Who is at a higher level of consciousness — the person who has everything but is deathly afraid of losing it or the person who has very little but has no fear of loss? Who will be happier? Who will be able to attract and nurture the most loving relationships? Who will be at peace?
The more attached you are to your current treadmill, the less conscious — the less free — you are. And with greater freedom comes far greater personal growth because you’ll gain access to new experiences that you’d otherwise be too fearful to attempt.
Ask the big questions. Then face down all the “what if” fears that surface with as much courage as you can muster. When you do that, you become more conscious.


April 11th, 2005 at 9:22 am
There’s an old saying about the person who spent their whole lives climbing a ladder only to find it was leaning against the wrong building.
April 11th, 2005 at 10:42 am
Got a question for you, Steve. I’ve been into increasing personal productivity for a long time. Funny you don’t mention the simpliest way to be more productive - get up at 6 in the morning. Anyhow, I’ve seen this produce very good results (being more productive and efficient) in terms of money and accomplishments. Here is the thing - after being really productive for a long time, I became almost a total opposite of myself (having a one month old baby does not help). BUT!
I make more money now than I ever did being “productive and efficient”. I don’t think I would if I did not put three years into it, but nonetheless - I’ve not NO DESIRE WHATSOEVER to be efficient again. Instead of doing things efficiently, I came to a conclusion that some things should not be done at all. I’ve since met a lot of people, like John Carlton - very famous copywriter and direct marketer - and found out the same with them. John used to take 6 months of out of a year. I totally agree with the Slacker Manager theory.
Did you find yourself in the same position - that you can in fact get more by working rediculosly short hours - as in 3 hours a day?

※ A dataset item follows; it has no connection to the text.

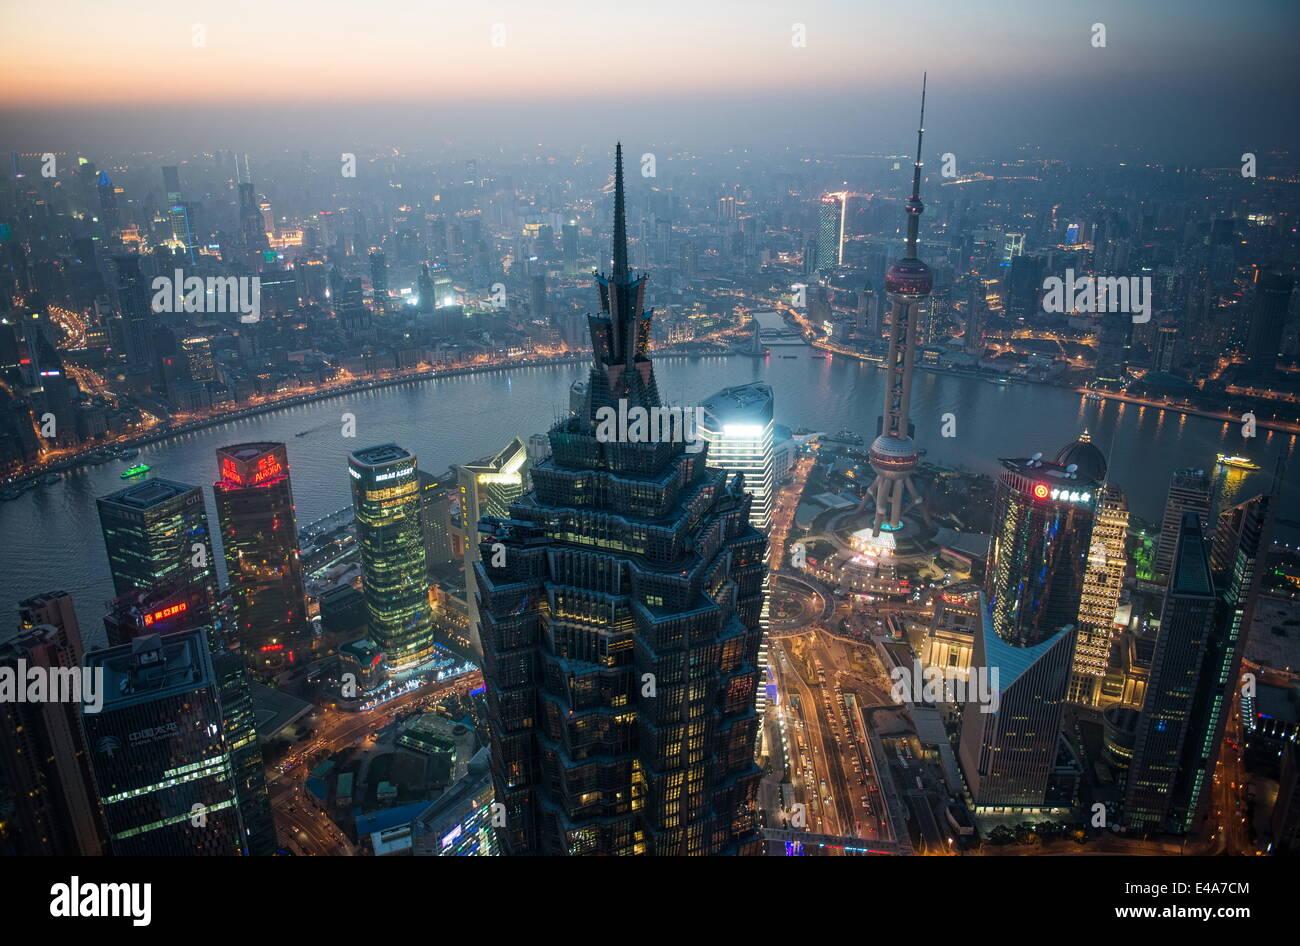 Avec Shanghai Pudong tour Jin Mao, Oriental Pearl Tower, la rivière Huangpu et Puxi cityscape, Shanghai, Chine, Photo Stock

April 11th, 2005 at 10:59 am
I’ve mentioned previously that I find the most effective way to work is through cycles of rest and hard work. Yesterday I took the day off, went hiking in the mountains, did some reading, and played with the kids. Today I’ll be putting in an 8-10 hour day of work. This approach seems to work the best for me — work hard, rest completely.

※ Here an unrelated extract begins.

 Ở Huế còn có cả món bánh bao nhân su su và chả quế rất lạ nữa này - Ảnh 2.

April 11th, 2005 at 5:07 pm
I believe that the only thing you ever need in life is happiness. Of course, such a complex emotion is dependant on so many other external factors, but once you start believing that all you need in life is happiness it is easier to push away the ’safe’ option that is less risky to pursue something that will make you happy. Money, work, success and fame, only have any context if your happy. Its as Steve said earlier. If your not happy, not fulfilled, your protecting dust. And as we can all agree, protecting nothing with nothing possible to gain is far riskier in the long run (if outright impossible) than to take a chance at happiness. From looking at the steps in the ‘ladder’ of human conciousness, the one thing that seems to pervade throughout is that the higher you go, the less external factors you become dependant on to be happy.

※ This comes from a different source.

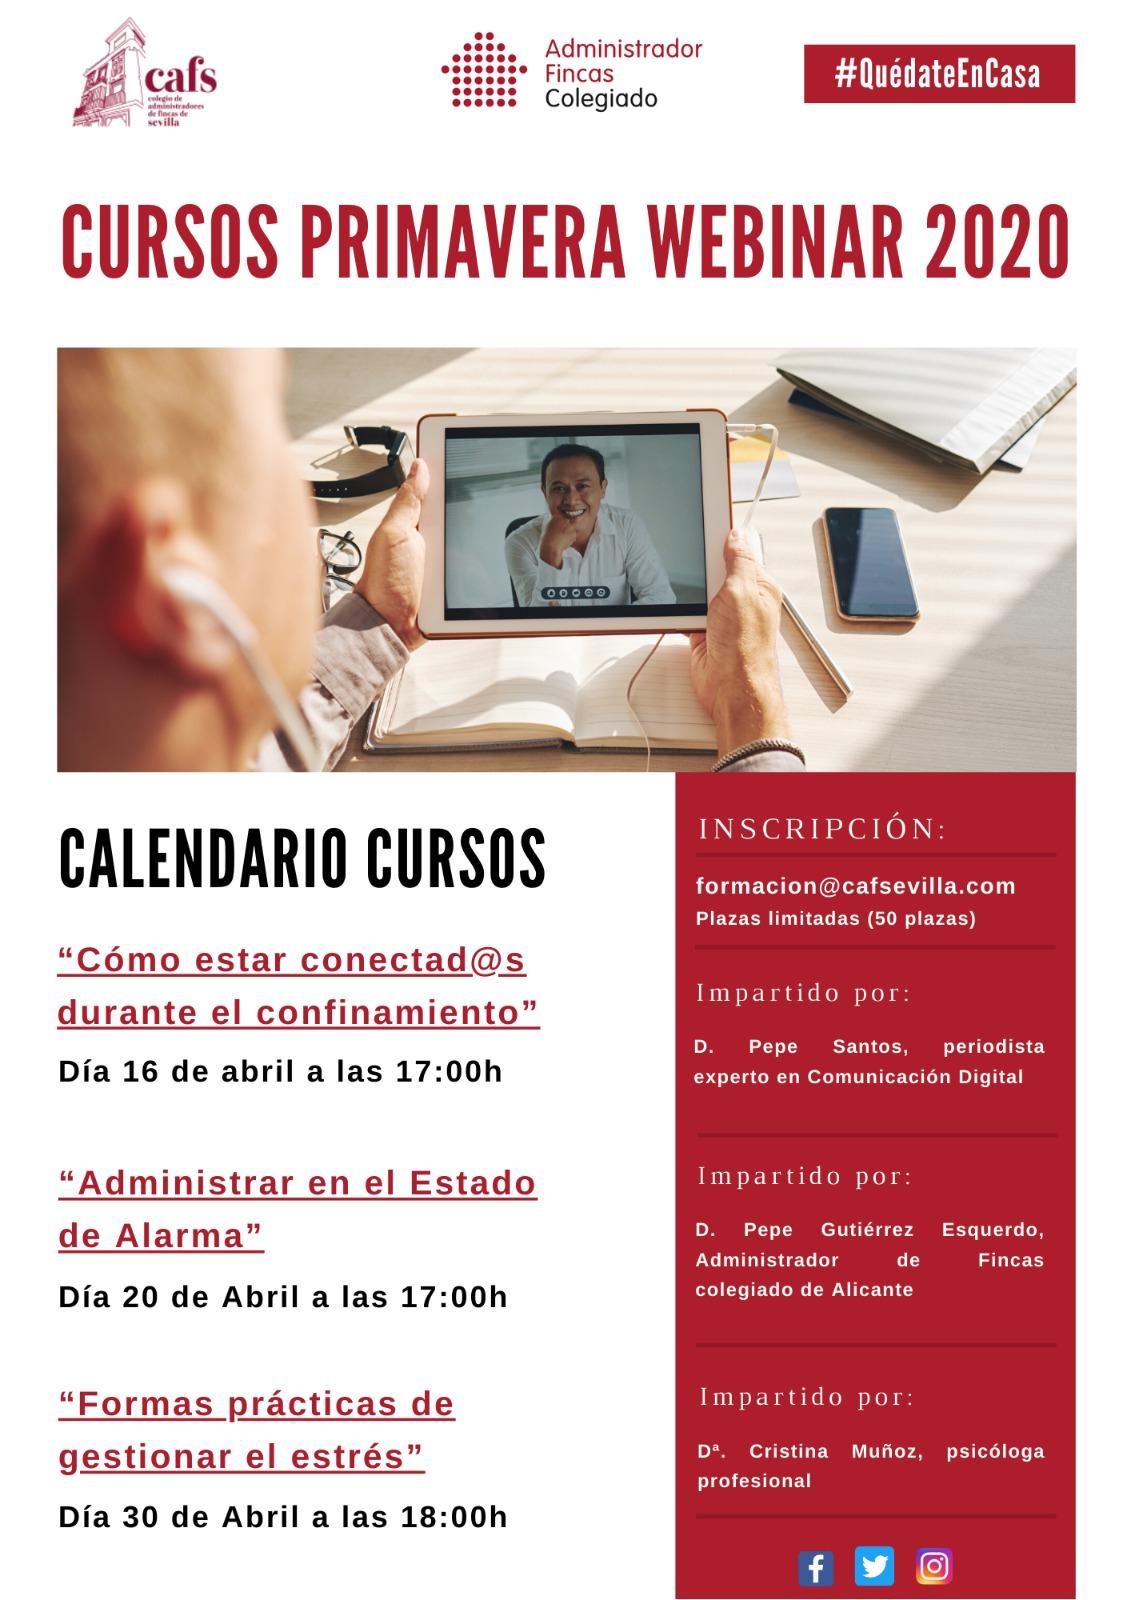 cursos primavera webinar 2020

April 11th, 2005 at 6:21 pm
From looking at the steps in the ‘ladder’ of human conciousness, the one thing that seems to pervade throughout is that the higher you go, the less external factors you become dependant on to be happy.
That’s a very insightful way of looking at it. I never thought of it that way before. I think you’re absolutely right.
Also, it appears that the higher you go, the more control you give up but the more true freedom you experience.